• **TASK DESCRIPTION**
The expected result is the full listing, retyped exactly, without a single picture.

• **DATA PROVIDED**
────

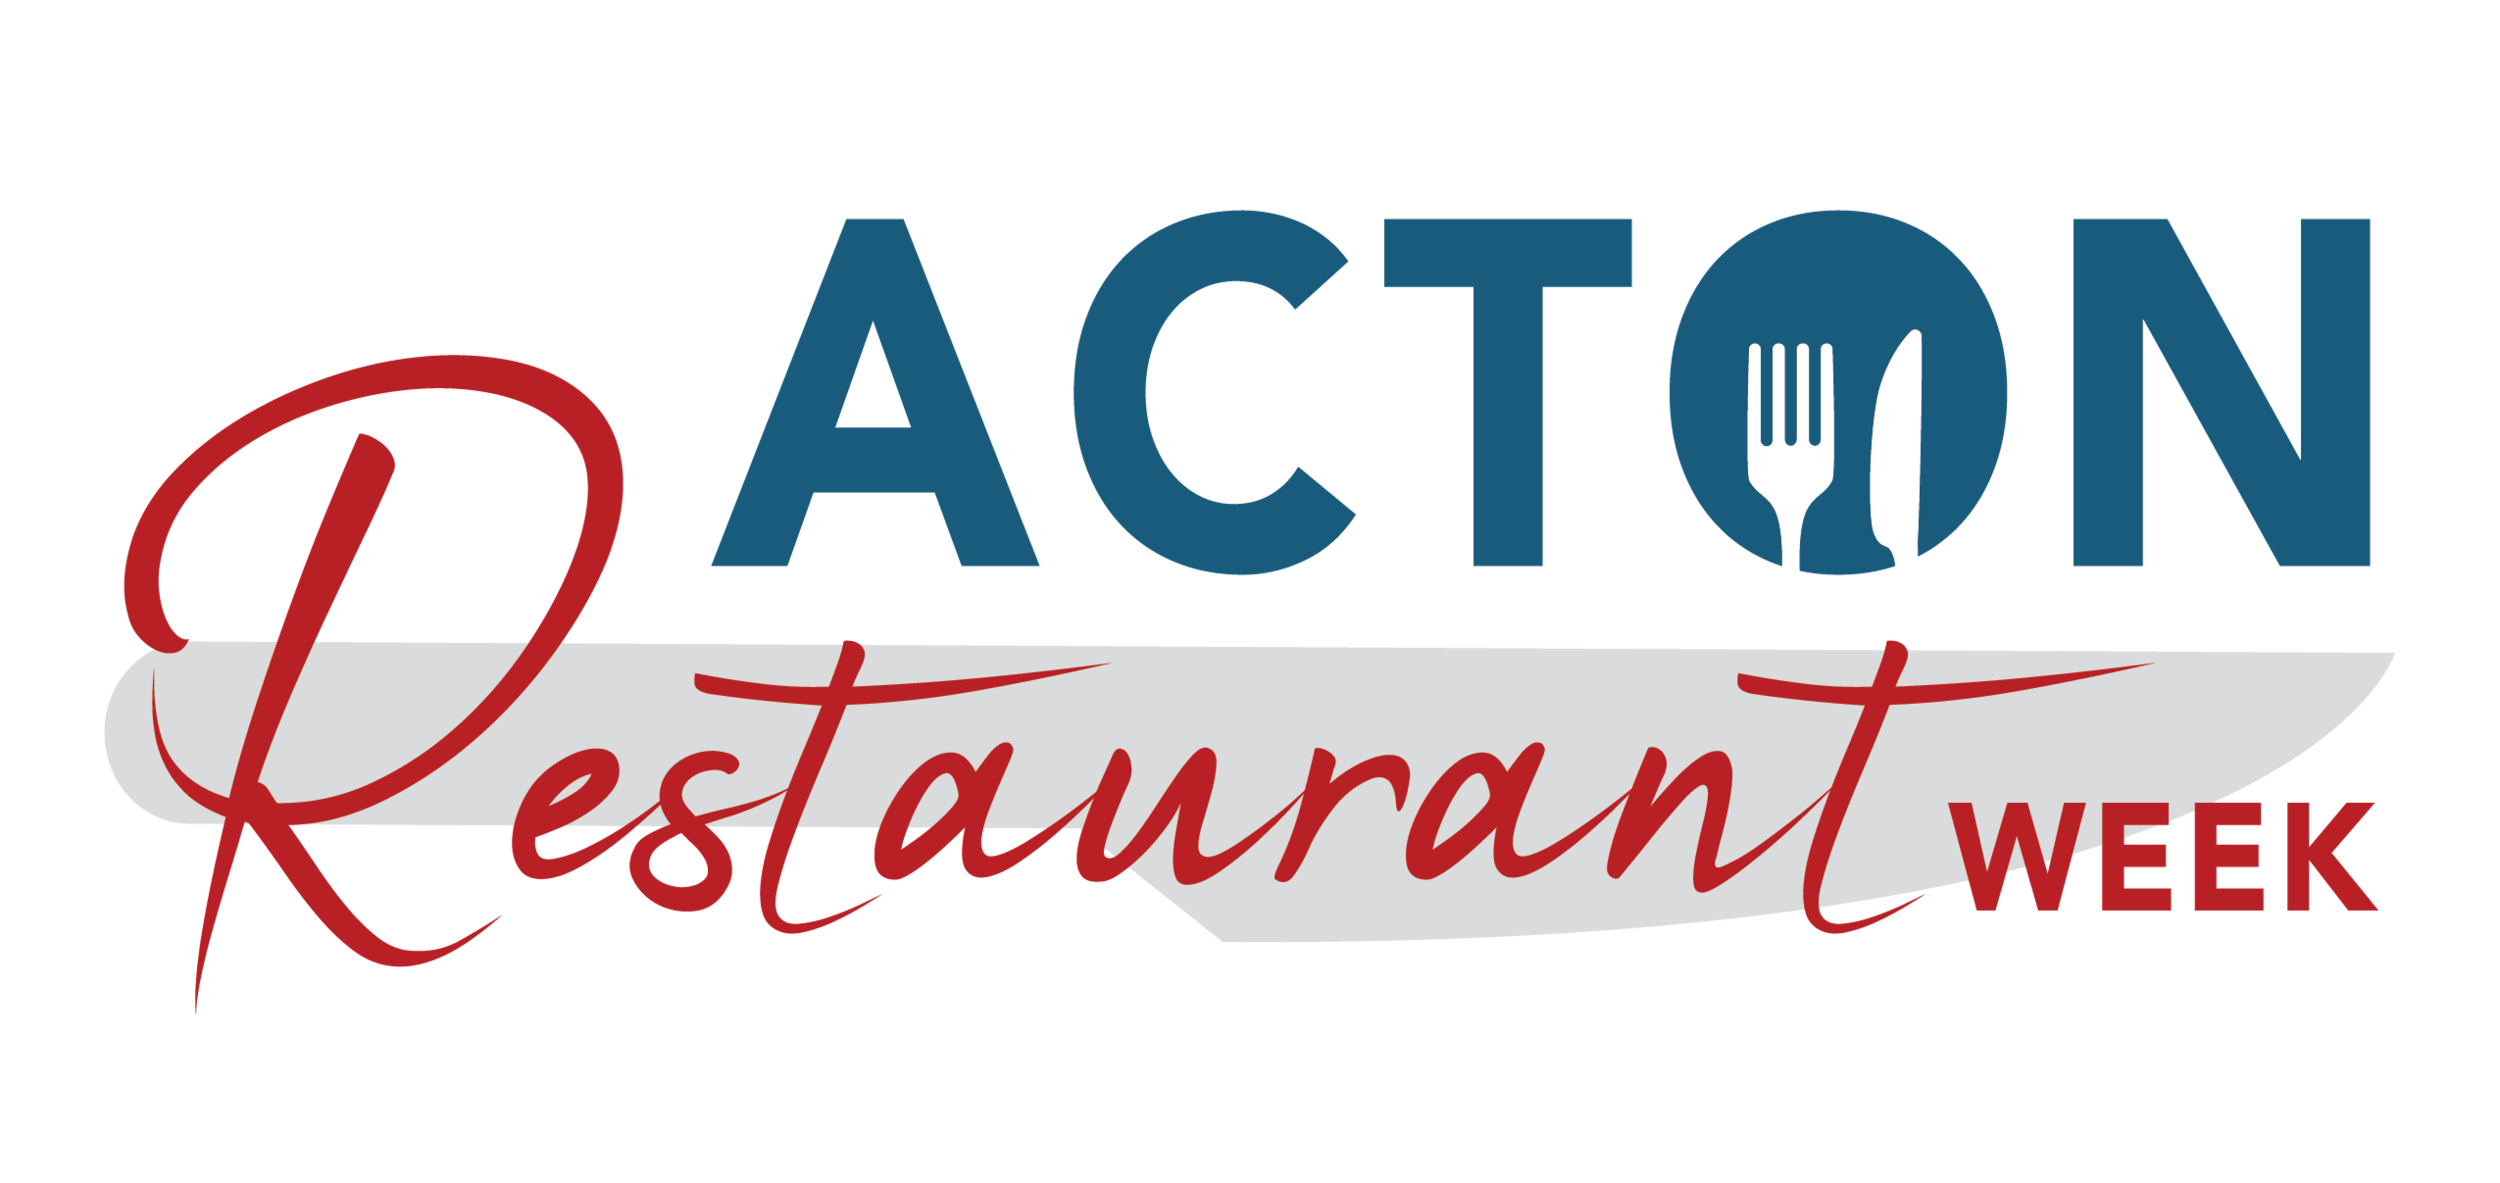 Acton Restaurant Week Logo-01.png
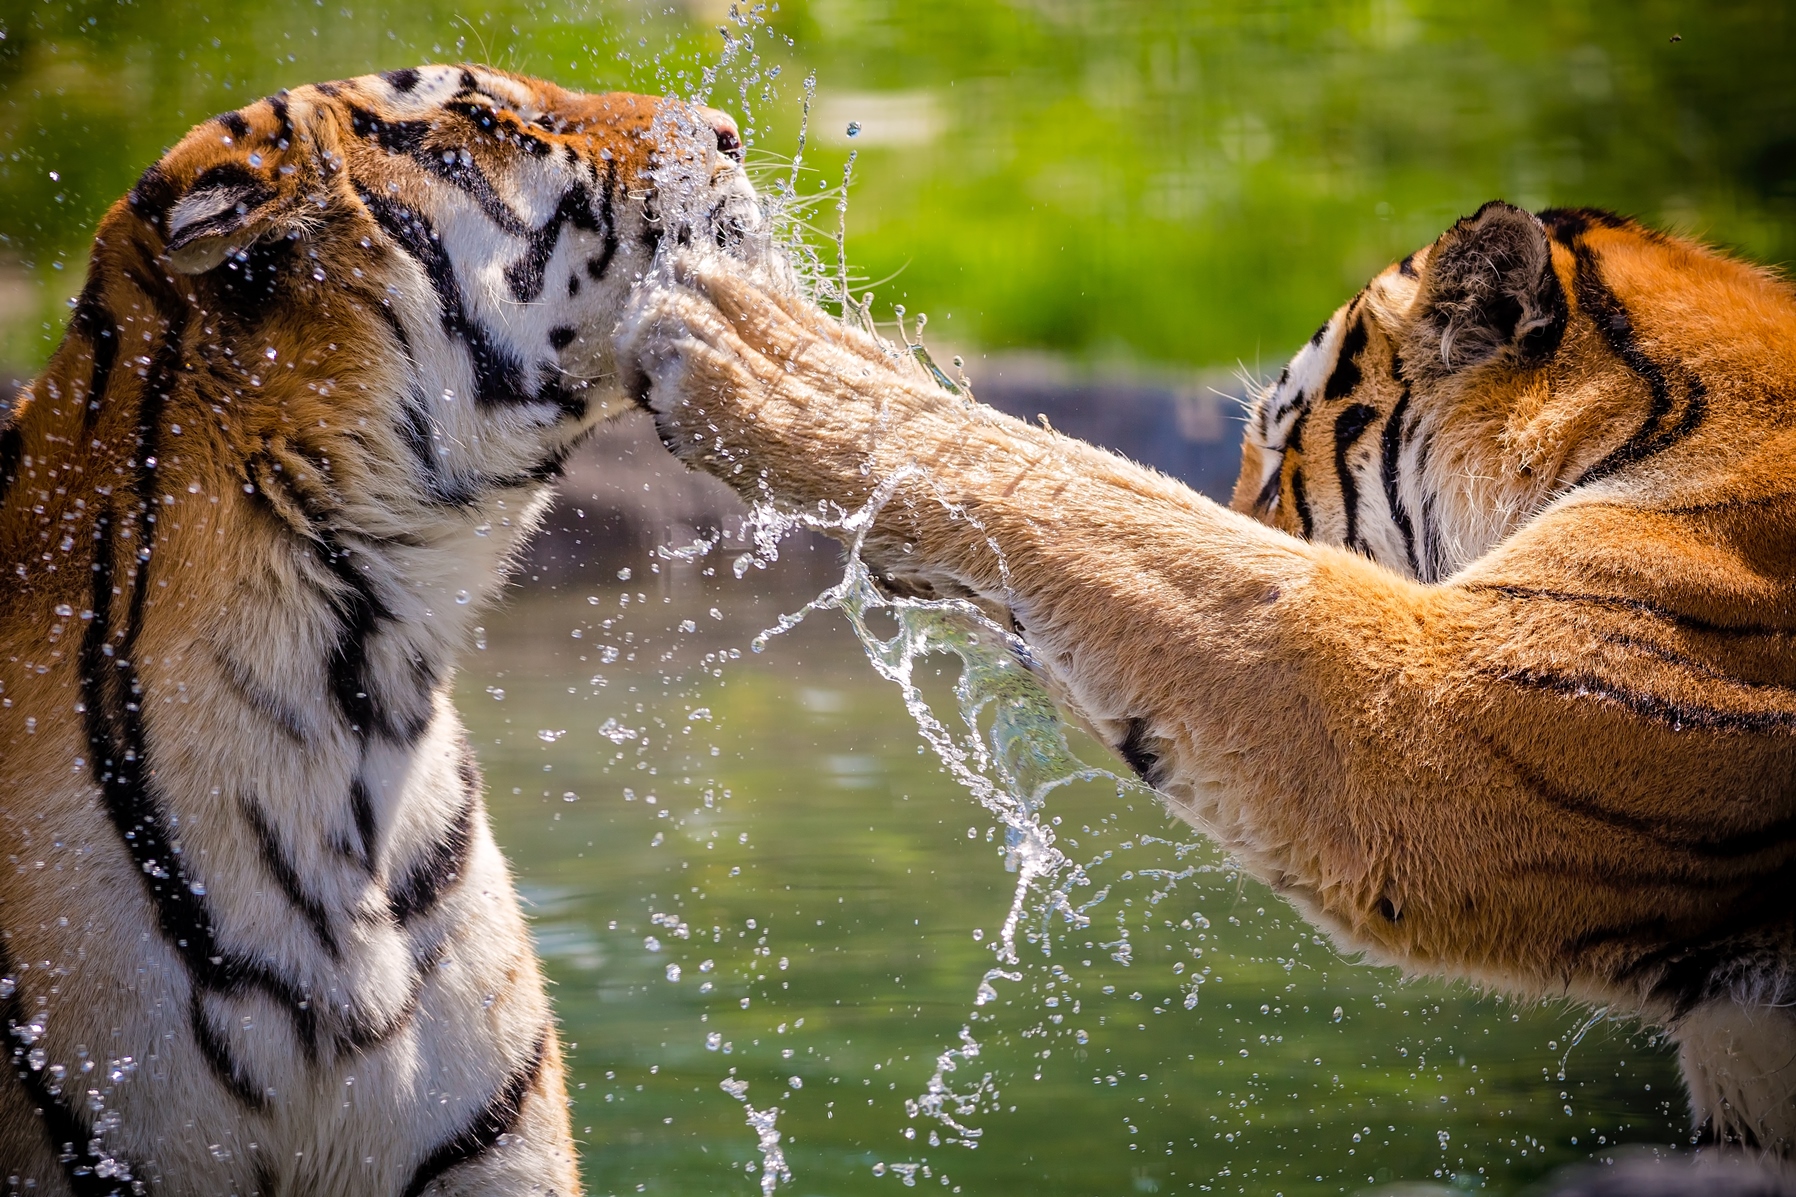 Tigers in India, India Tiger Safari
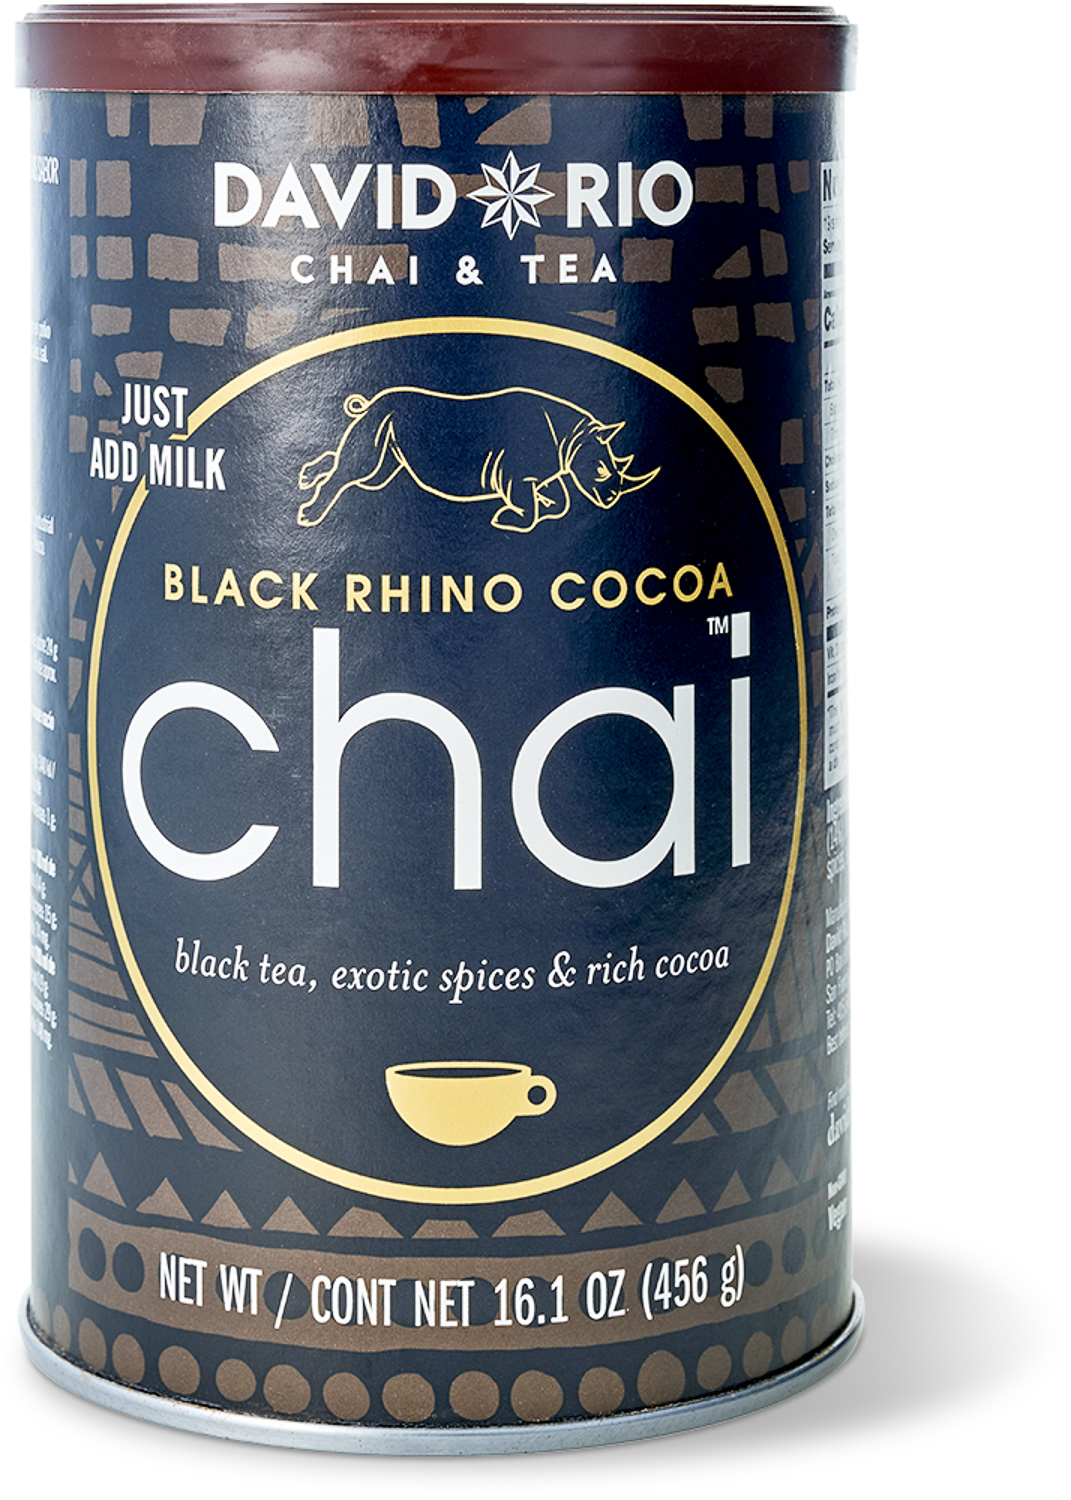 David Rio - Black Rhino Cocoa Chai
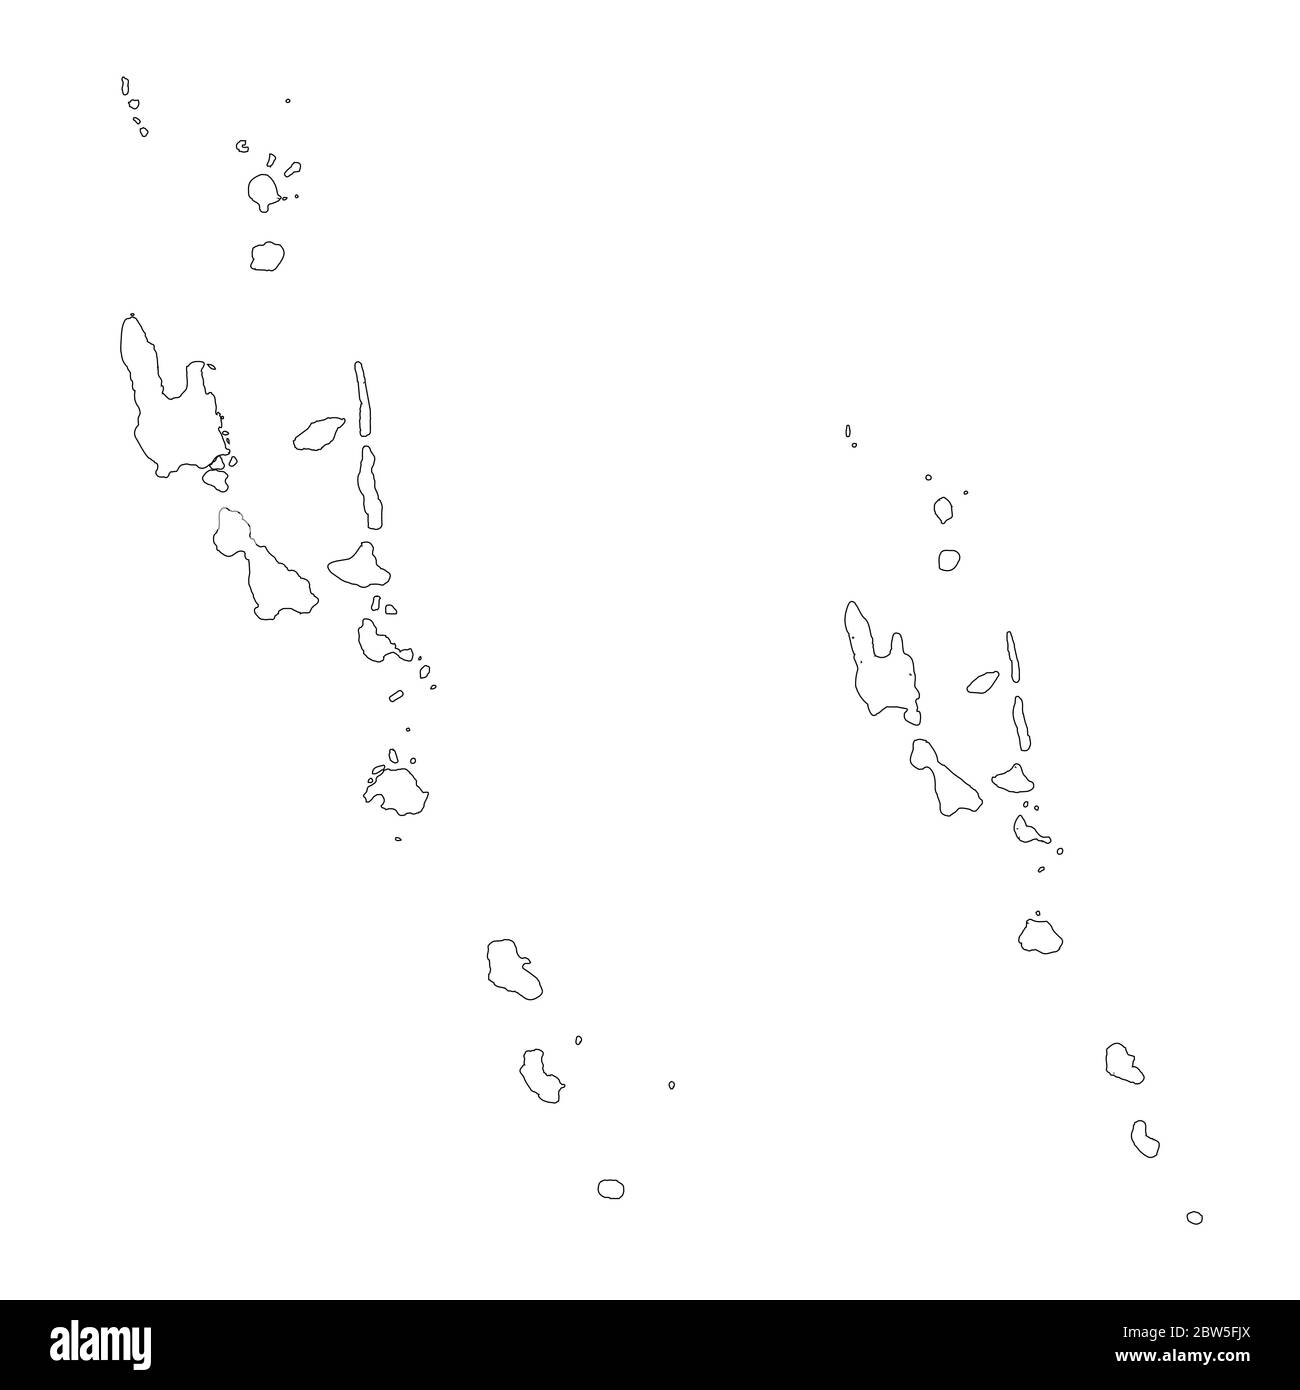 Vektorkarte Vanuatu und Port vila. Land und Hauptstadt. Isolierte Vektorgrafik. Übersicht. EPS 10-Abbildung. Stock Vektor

────

• **FINAL ANSWER**
 Acton Restaurant Week Logo-01.png
 Tigers in India, India Tiger Safari
 David Rio - Black Rhino Cocoa Chai
 Vektorkarte Vanuatu und Port vila. Land und Hauptstadt. Isolierte Vektorgrafik. Übersicht. EPS 10-Abbildung. Stock Vektor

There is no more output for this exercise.